Conference in Gothenburg, Sweden
May 3-5, 2022
As the president of the Conference of European Rabbis recently stated, the European Union invited Jews to be part of the European project, “not as outsiders, but as fully fledged citizens of Europe”. But, given the continuity of antisemitism and the rise in attacks against Jewish institutions, “sadly, the Jews of Europe have had to ask themselves yet again if there is a future on the continent”. Yet again – this ambivalence has a long history indeed, marked by restrictions and tolerance, by antisemitism and fruitful exchange, by genocide and the common desire to learn from the past. Europe has been a home for Jewish communities for more than two millennia, and Jewish individuals have been fundamental to the development of enlightenment thought, science and law, the arts, civic culture and political integration. What and where would Europe be without the Jewish population? And what does Europe today mean for Jews, individually and as a community?

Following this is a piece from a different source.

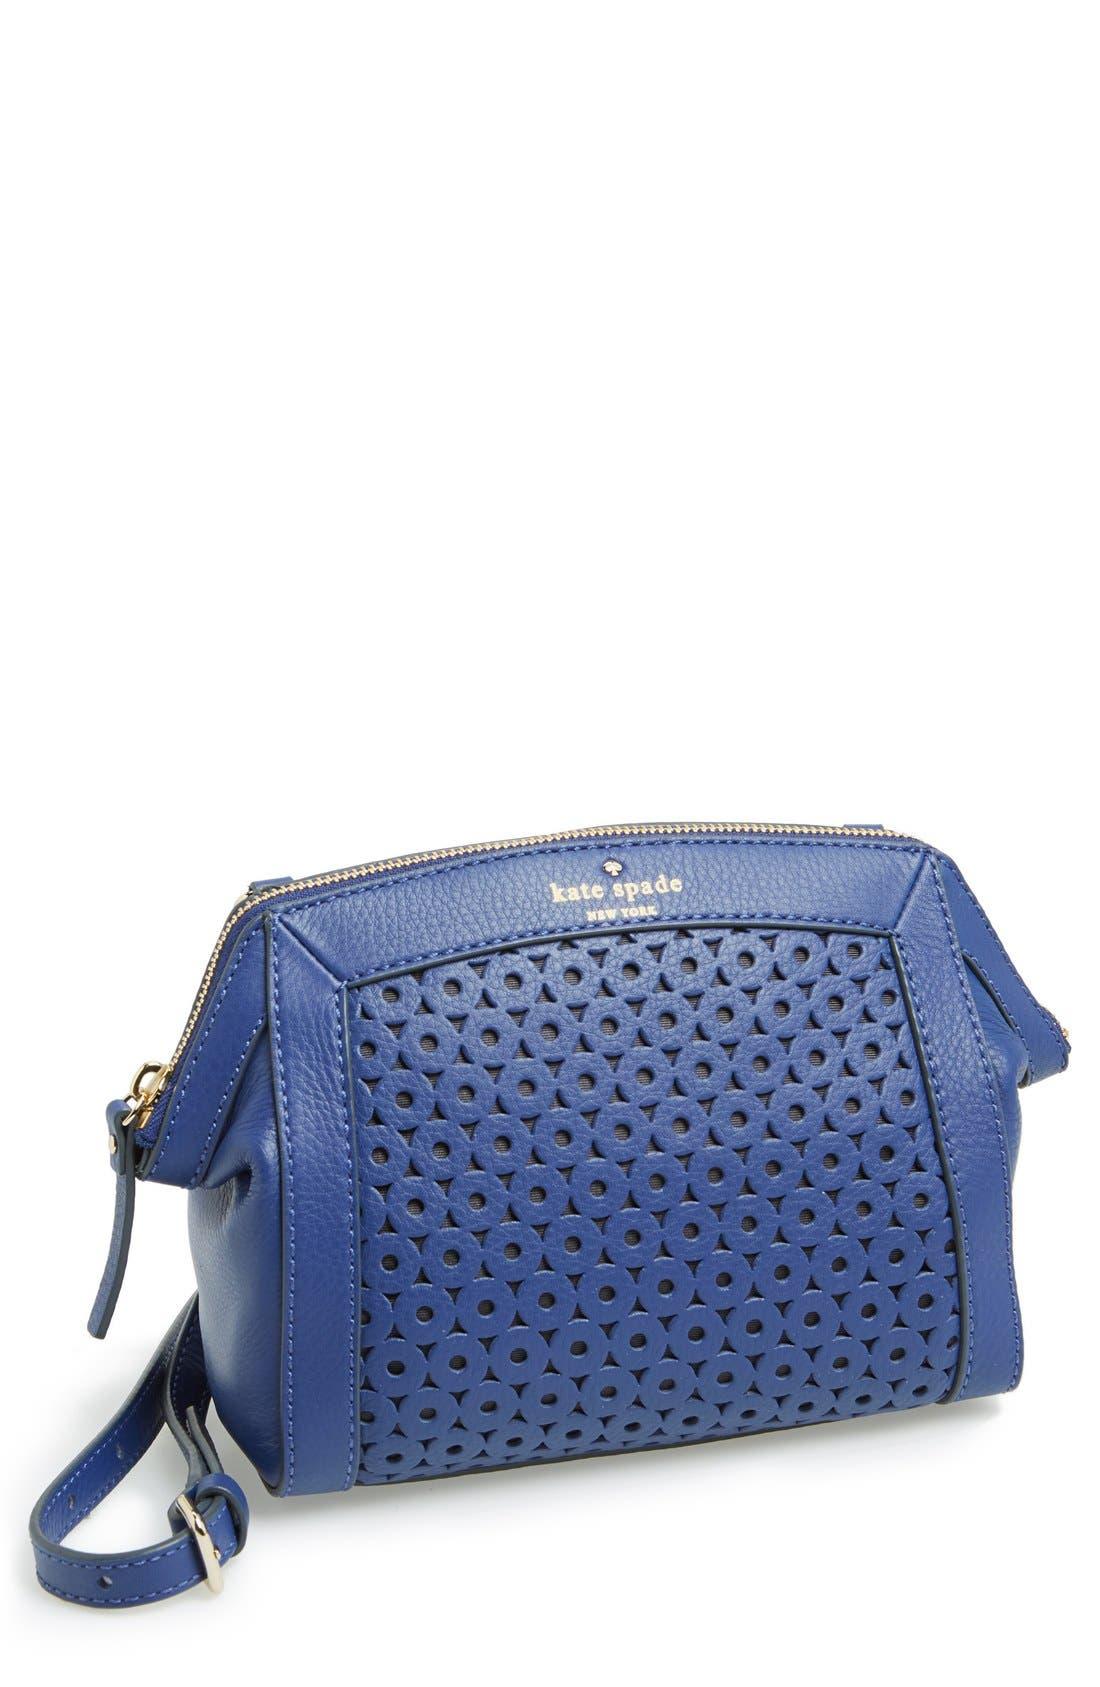 Main Image - kate spade new york 'mercer isle - sienna' crossbody bag

During the last thirty years scholars have discussed the development both of an enduring “Jewish space” as well as new “Jewish spaces” (Diana Pinto) and new forms of “virtual Jewishness” (Ruth Ellen Gruber), both referring to different forms of co-construction and co-operation. Given the fact that “Europe's Jewish population has dropped 60% in last 50 years” (The Guardian, 25/10/2020), are we left with just a “European Route of Jewish heritage”? Or are there new and promising options for “Being Jewish in 21st Century Central Europe”? Have non-Jewish memorial institutions, performances and practices created just an imaginary and nostalgic Jewish past, and if so, what is its role? And what roles are the historic and revived Jewish communities playing in the creation of a European Jewish future? European and global familial and scholarly networks, facilitated by the digital environment during the ongoing covid-19 pandemic, challenge us to look at the relationship between virtual and real-life encounters: can these digital spaces serve as a reminder that despite the current crisis Jewish life in Europe will continue?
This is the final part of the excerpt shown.